Por eso envía a sus servidores para que salgan a todos los caminos e inviten al
banquete a cuantos le salgan al encuentro, buenos y malos sin distinción. Llama
la atención que también los malos son invitados. El Señor no excluye a nadie de
su llamada. La invitación, que había sido rechazada por algunos, encuentra
acogida en personas que no formaban parte antes de su círculo de conocidos,
gentes con las que no guardaba ninguna relación. Hombres y mujeres, de
cualquier cultura y condición, también los que no rezan ni tienen trato con
Dios, todos somos llamados a la santidad, a participar de la gloria del cielo.
Nadie queda excluido.
“Todos los bautizados conocen cuál es la boda del hijo
del rey y cuál su banquete -decía san Agustín predicando sobre este pasaje
evangélico-. La mesa del Señor está dispuesta para todo el que quiera
participar de ella. A nadie se le prohíbe acercarse, pero lo importante es el
modo de hacerlo”[2]. La invitación generosa de Dios,
representado por un rey, a participar de la gloria celestial, simbolizada por
el banquete de bodas, es gratuita y universal.
Ahora bien, dice el Evangelio que “entró el rey para
ver a los comensales, y se fijó en un hombre que no vestía traje de boda” (v.

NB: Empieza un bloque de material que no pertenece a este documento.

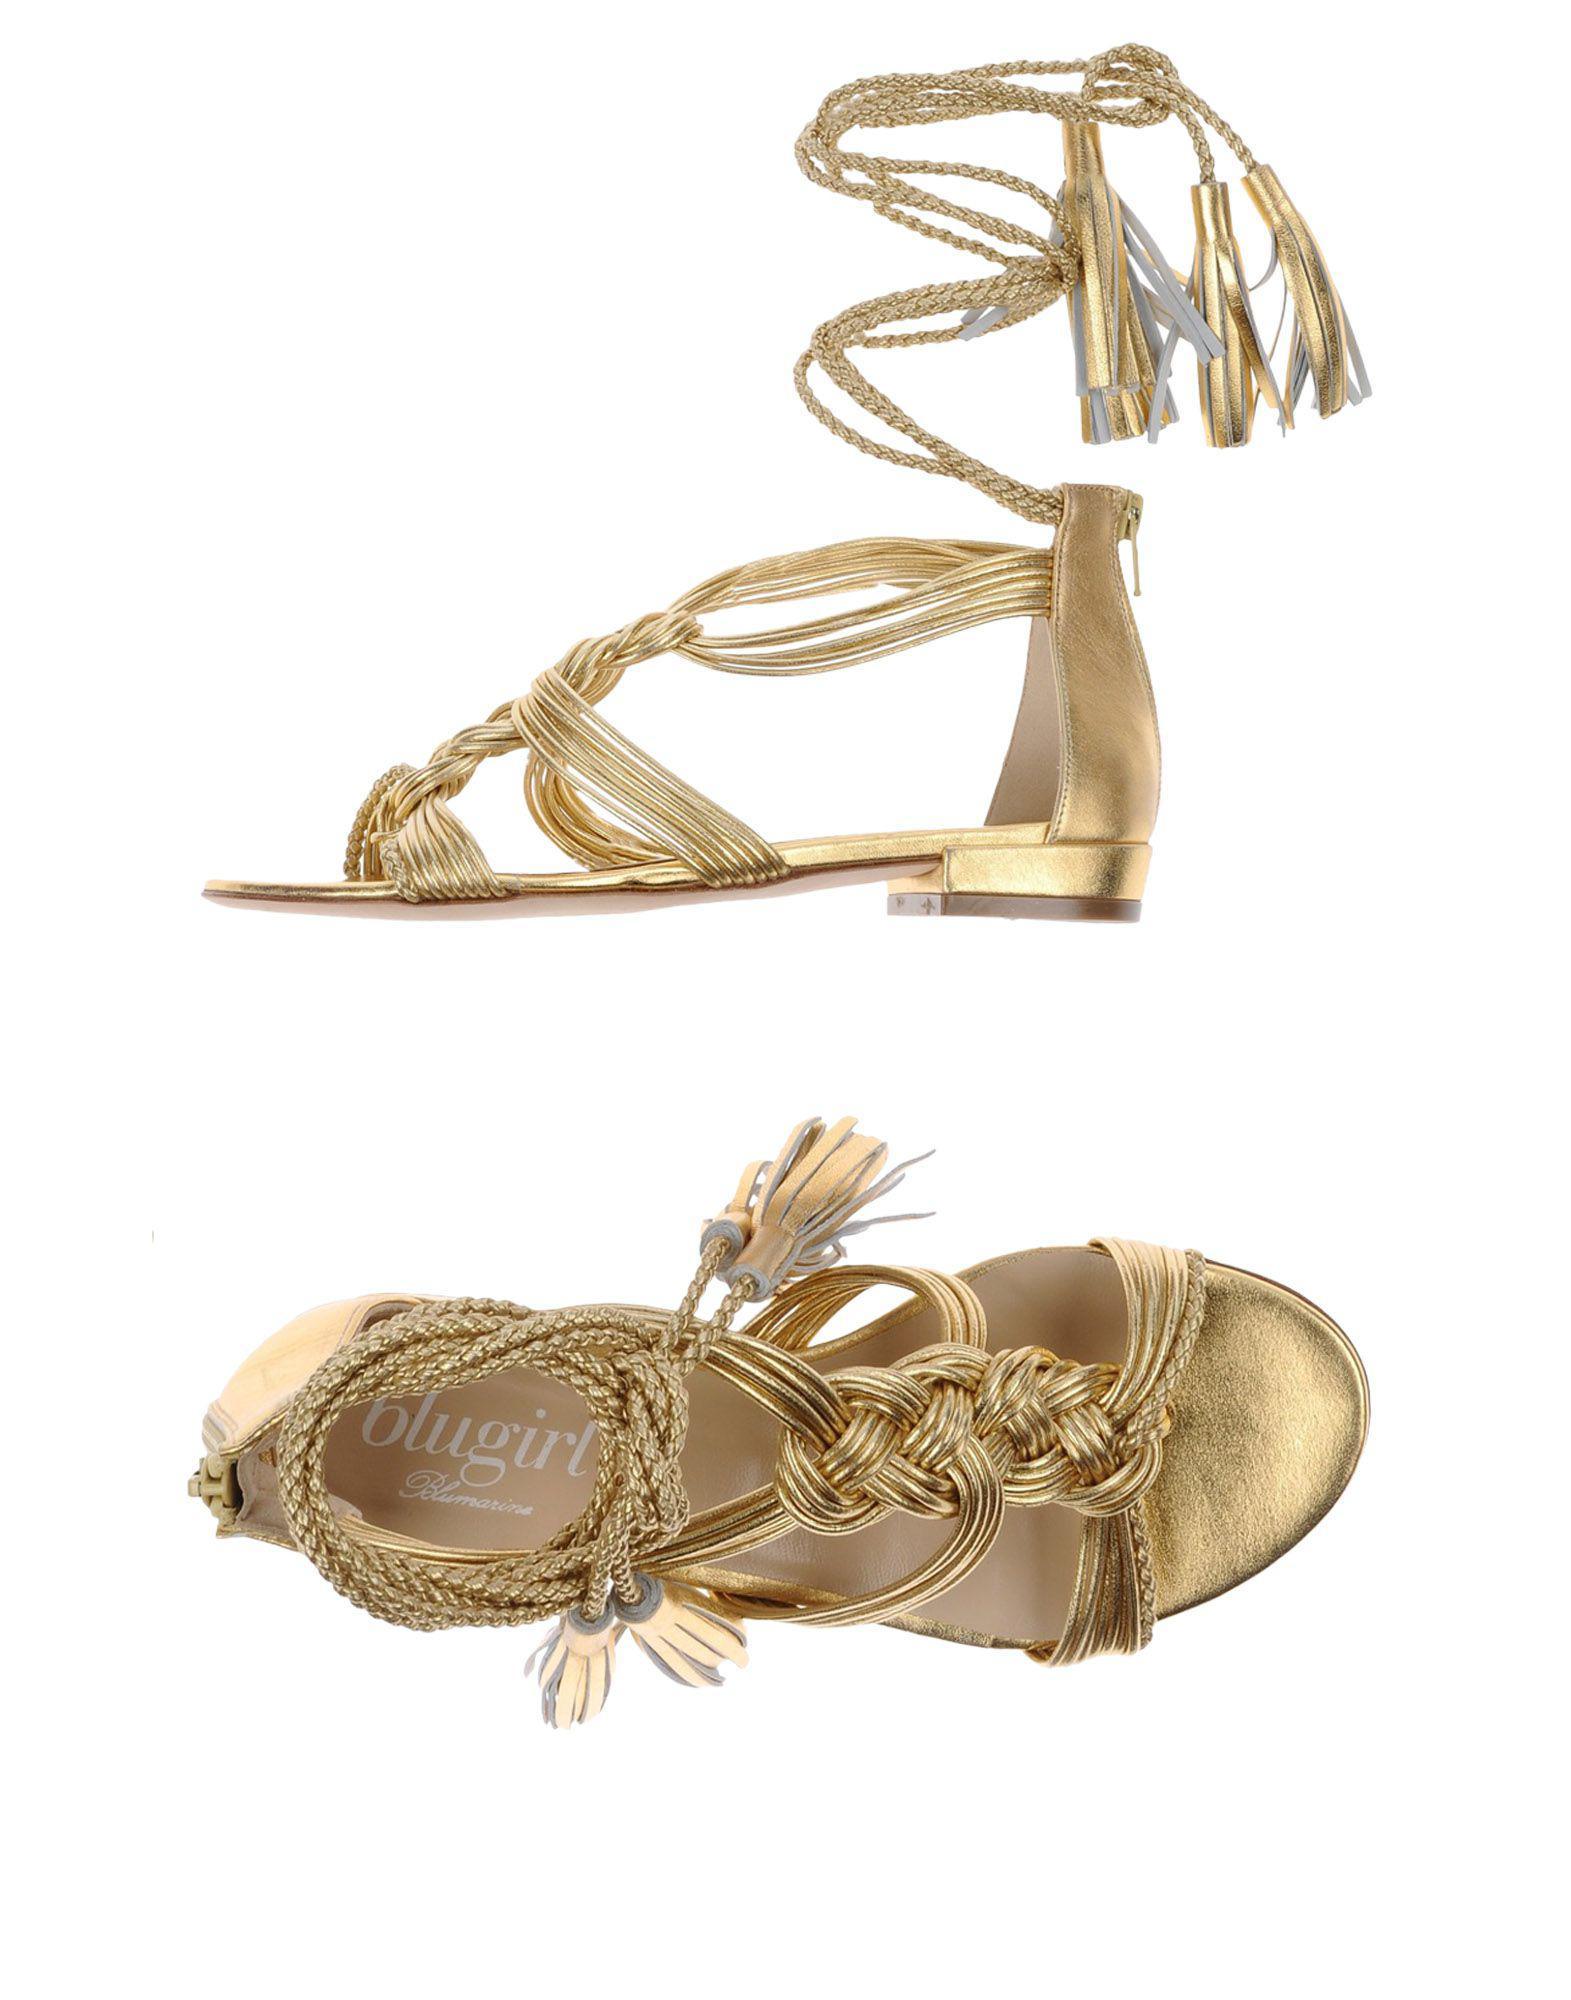 FOOTWEAR - Toe post sandals Blugirl Limited MZCOYp

11). Los que estaban allí habían sido invitados, como todos los hombres estamos
invitados a la salvación. La puerta está abierta para el que quiera entrar,
pero antes de gozar de la gloria habrá un juicio. El juez supremo, que es capaz
de ver en lo más profundo de los corazones, valorará lo que hay en la vida de cada
uno. “Jesús anunció en su predicación el Juicio del último Día -recuerda el
Catecismo de la Iglesia Católica-. Entonces, se pondrán a la luz la conducta de
cada uno y el secreto de los corazones. Entonces será condenada la incredulidad
culpable que ha tenido en nada la gracia ofrecida por Dios. La actitud con
respecto al prójimo revelará la acogida o el rechazo de la gracia y del amor
divino (…). El Hijo no ha venido para juzgar sino para salvar y para dar la
vida que hay en él. Es por el rechazo de la gracia en esta vida por lo que cada
uno se juzga ya a sí mismo; es retribuido según sus obras y puede incluso
condenarse eternamente al rechazar el Espíritu de amor”[3]. Sólo podrá sentarse a la mesa quien esté
dignamente dispuesto.
En la parábola de Jesús queda claro que no importa lo
que se haya hecho en el pasado pero que es necesaria una condición
indispensable, vestir el traje de bodas, es decir, tener el alma limpia y un
corazón arrepentido, abrazar un tono de vida que sea testimonio de la caridad
hacia Dios y el prójimo. Jesús invita a todos a su mesa, pero reclama respeto
para acercarse a ella. Por eso, san Pablo, recordaba a los cristianos de
Corinto que antes de acercarse al banquete de la Eucaristía, sacramento donde
pregustamos de un anticipo de la gloria celestial, debían examinar
cuidadosamente su conciencia: “Examínese, por tanto, cada uno a sí mismo, y
entonces coma del pan y beba del cáliz; porque el que come y bebe sin discernir
el Cuerpo, come y bebe su propia condenación” (1 Corintios 11, 28-29).
Hoy es un buen día, aunque nos sintamos manchados,
para limpiar el alma, abrazar el amor y gozar de la invitación que Jesús nos
hace al banquete celestial.
[1] Papa Francisco, Ángelus 12 de octubre de
2014.
[2] San Agustín, Sermón 90, n. 1.
[3] Catecismo de la Iglesia Católica, nn.